In deze zaak gaat het om een hoger beroep van belanghebbende tegen de uitspraak van de Rechtbank Den Haag over de aanslag in de inkomstenbelasting en premie volksverzekeringen (IB/PVV) voor het jaar 2016. De belanghebbende, die een bijstandsuitkering ontving van de gemeente, betwist de hoogte van het belastbare inkomen uit werk en woning dat door de Inspecteur is vastgesteld op € 14.514. De belanghebbende heeft ook aangevoerd dat zij recht heeft op de jonggehandicaptenkorting, maar de Rechtbank heeft geoordeeld dat zij niet aannemelijk heeft gemaakt dat zij voldoet aan de voorwaarden voor deze korting.
De Rechtbank heeft in haar uitspraak op 29 april 2019 het bezwaar van belanghebbende tegen de aanslag ongegrond verklaard. Belanghebbende heeft vervolgens hoger beroep ingesteld bij het Gerechtshof Den Haag. Tijdens de mondelinge behandeling op 21 januari 2020 was de Inspecteur aanwezig, maar belanghebbende was afwezig. Het Hof heeft vastgesteld dat belanghebbende geen verzoek tot heropening van het onderzoek heeft gedaan en heeft de zaak op basis van de beschikbare informatie beoordeeld.

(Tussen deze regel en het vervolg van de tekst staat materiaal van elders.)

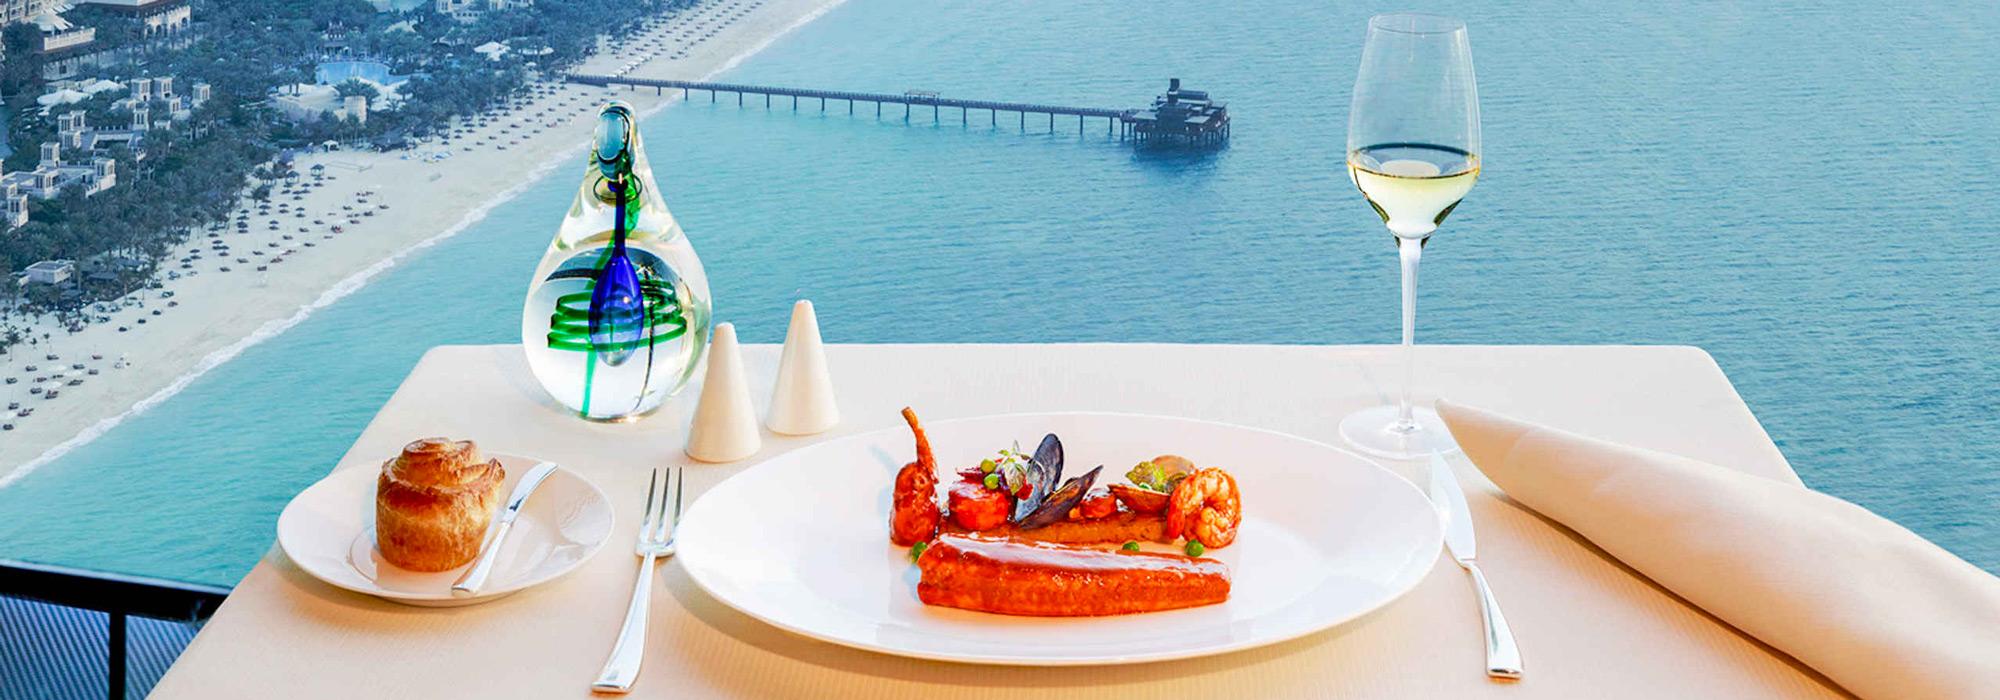 Restaurants im Burj al Arab

Het Hof heeft de uitspraak van de Rechtbank bevestigd, waarbij het heeft geoordeeld dat de Inspecteur terecht is uitgegaan van de jaaropgave van de gemeente en dat belanghebbende geen recht heeft op de jonggehandicaptenkorting. Het Hof heeft ook opgemerkt dat belanghebbende geen afzonderlijke gronden heeft aangevoerd tegen de berekening van de belastingrente. De beslissing van het Hof is op 3 maart 2020 openbaar uitgesproken.